Длинное лицо его собеседника стало каменным.

— Тогда на небе Рима появится новая комета, — сказал Лукулл ледяным тоном. — Со сравнительно лояльной головой, ибо это будет банкрот Гней Помпей, торопящийся домой со своей босяцкой армией. Но хвост — ах, хвост! Хвостом окажутся Квинт Серторий и его испанские дикари, которых он держит в полном рабстве. С присоединившимися по пути вольками, саллувиями, воконтиями, аллоброгами, гельвиями — и, без сомнения, бойями и инсубрами из Италийской Галлии, не говоря уж о лигурах!

Абсолютная тишина встретила эту парфянскую стрелу.
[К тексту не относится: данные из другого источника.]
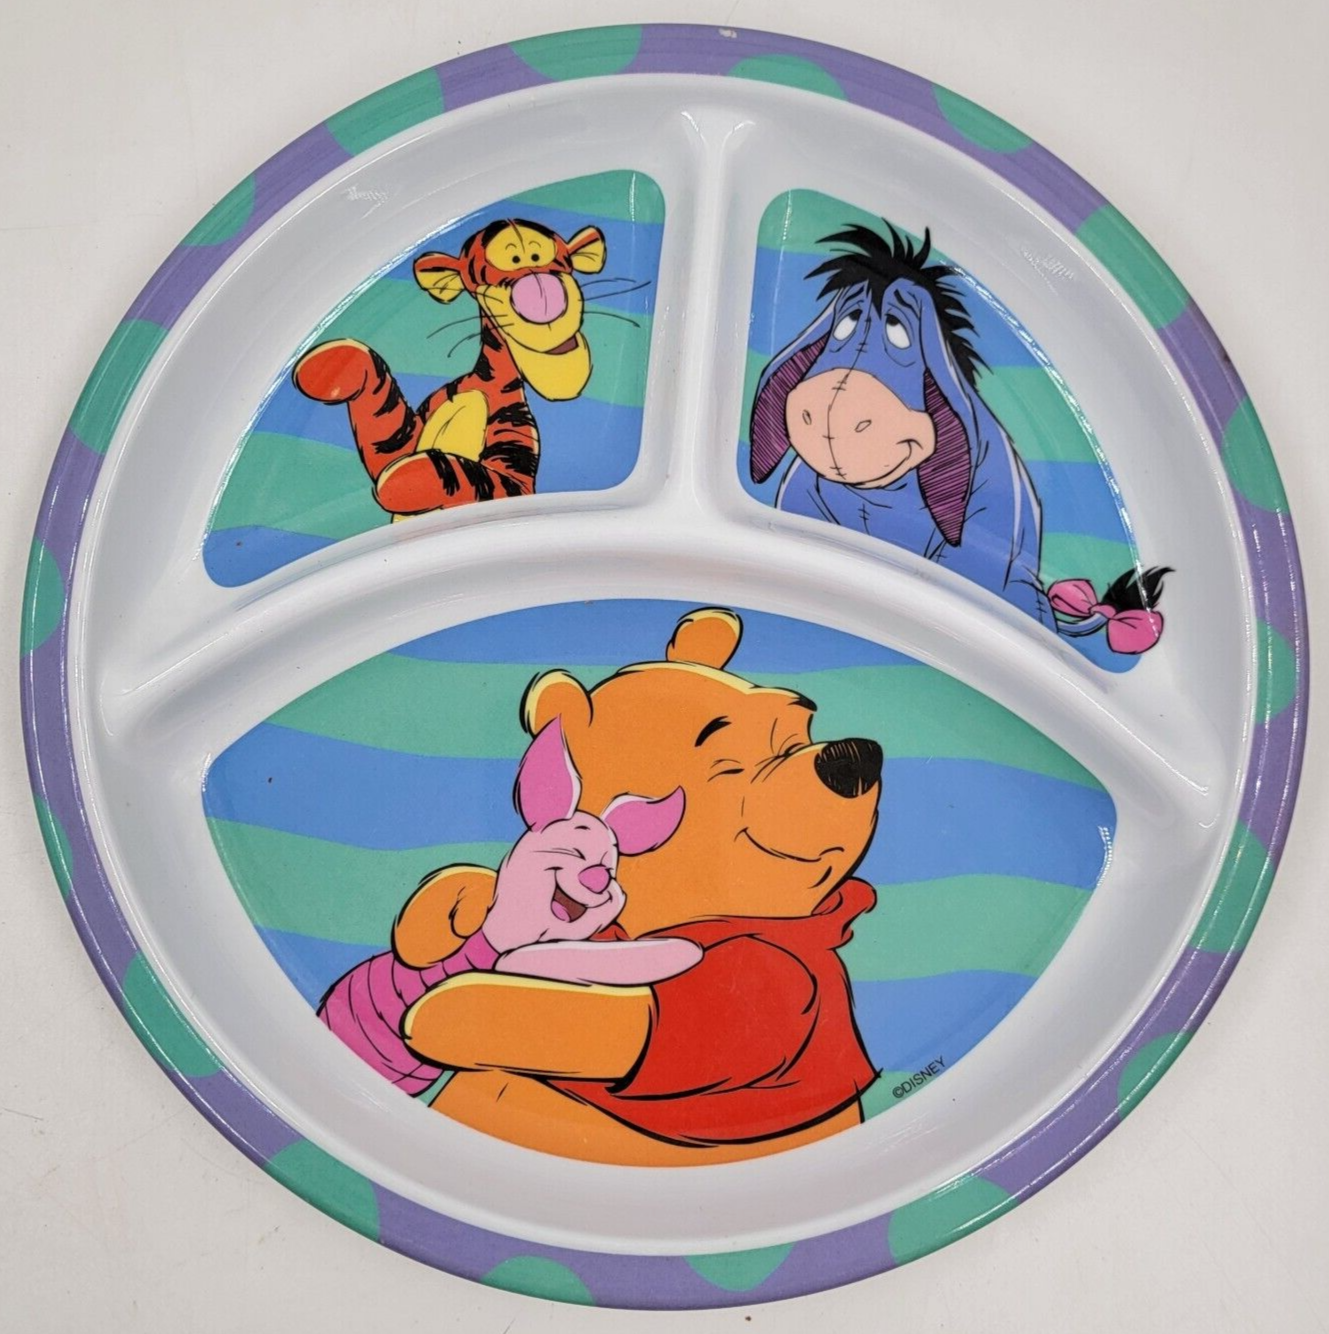  Disney Winnie The Pooh Plate Melamine Divided Childs Baby 1990's Zak Designs - $12.00

Решив, что настало время нарушить правило Суллы, Филипп вскочил со своего места и прошел на середину курии. Оттуда он оглядел всех по очереди, от пепельно-бледного Цетега до дрожащих Катула и Гортензия. Затем повернулся к курульному подиуму и посмотрел на расстроенного Гая Котту.

— Я предлагаю, — начал он, — собрать руководителей казны и налоговых экспертов и посмотреть, где можно найти значительную сумму, которой, по словам почтенного консула, у нас нет. Я также предлагаю дать легионы и пару эскадронов кавалерии.

* * *

Когда Помпей подошел к Септиманке на землях ваккеев, он увидел, что город меньше, чем говорили ему его информаторы. Однако выглядел городок вполне процветающим. Он располагался на крутом берегу реки Пизорака и был уязвим. При появлении Помпея весь этот регион сдался без борьбы. С помощью переводчиков Помпей постарался успокоить жителей Септиманки и заверить вождей, что он потом полностью заплатит за то, что взял, и что его люди будут вести себя хорошо.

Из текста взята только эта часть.